Auf den Verfahrensgang nach diesem Übereinkommen hat der Oberste Gerichtshof bereits in 1 Ob 145/03k und 8 Ob 140/03a (vgl Rudolf, Das Haager Übereinkommen über die internationale Adoption, ZfRV 2001, 183 ff) hingewiesen: Gemäß Art 14 des Übereinkommens haben sich Personen mit gewöhnlichem Aufenthalt in einem Vertragsstaat, die ein Kind mit gewöhnlichem Aufenthalt in einem anderen Vertragsstaat adoptieren möchten, an die Zentrale Behörde im Staat ihres gewöhnlichen Aufenthaltes zu wenden. Diese Behörde hat gemäß Art 15 die Eignung der Antragsteller für eine Adoption zu prüfen und einen Bericht an die Zentrale Behörde des Heimatstaates zu übermitteln, die ihrerseits gemäß Art 16 alle für die Sicherstellung des Wohles des Kindes erforderlichen Überprüfungen durchzuführen hat. Gemäß Art 4 und 5 des Übereinkommens können Adoptionen nur dann durchgeführt werden, wenn die Behörden des Heimatstaates und des Aufnahmestaates diese Erhebungen vorgenommen haben.

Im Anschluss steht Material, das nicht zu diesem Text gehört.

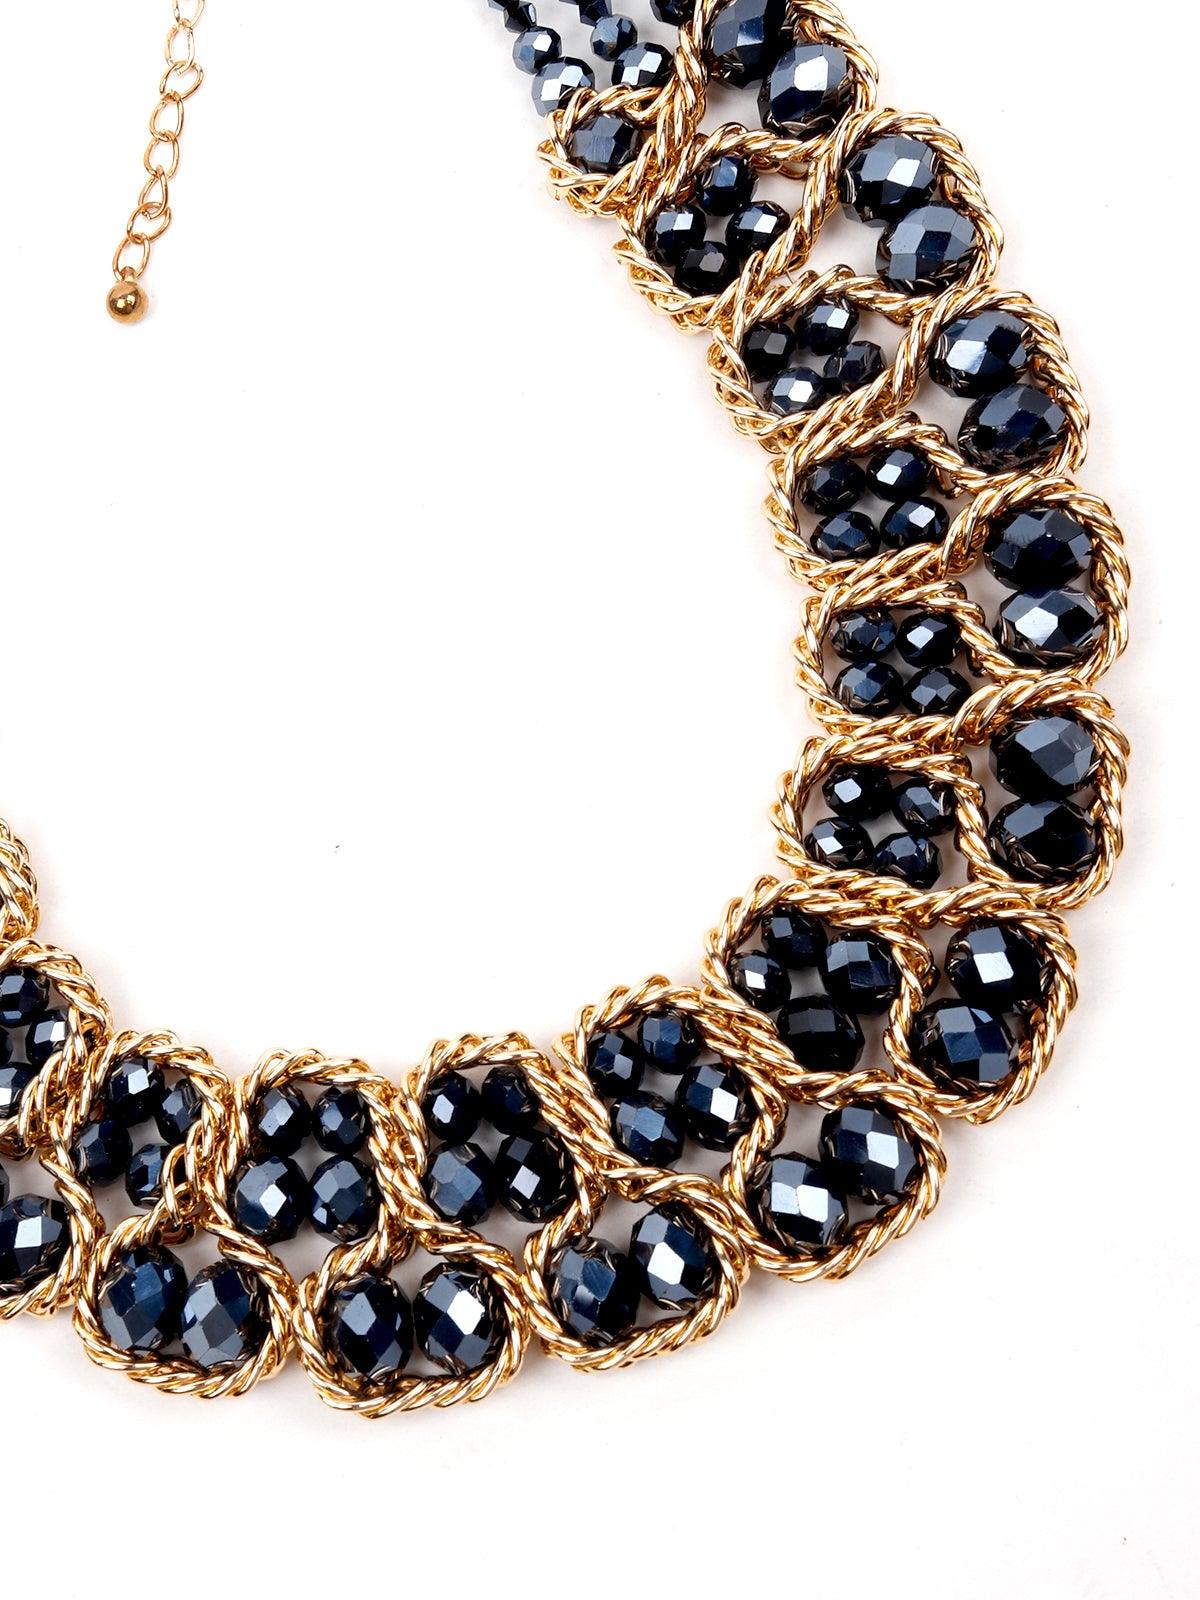 Double Layered Black Beaded Necklace - Odette

Hievon ausgehend, ist dem Rekursgericht zuzustimmen, dass die behördlichen Erhebungen vor Abschluss des Adoptionsverfahrens erfolgreich beendet sein müssen, dh vor einer gerichtlichen Adoptionsbewilligung müssen die Berichte der Zentralen Behörden gemäß Art 15 f des Übereinkommens vorliegen. Für die an anderer Stelle geäußerte Ansicht des Rekursgerichtes, diese Erhebungen müssten schon vor Abschluss des Adoptionsvertrages beendet sein, findet sich hingegen im Übereinkommen - das von der "Durchführung" der Adoption spricht - keine ausreichende Grundlage.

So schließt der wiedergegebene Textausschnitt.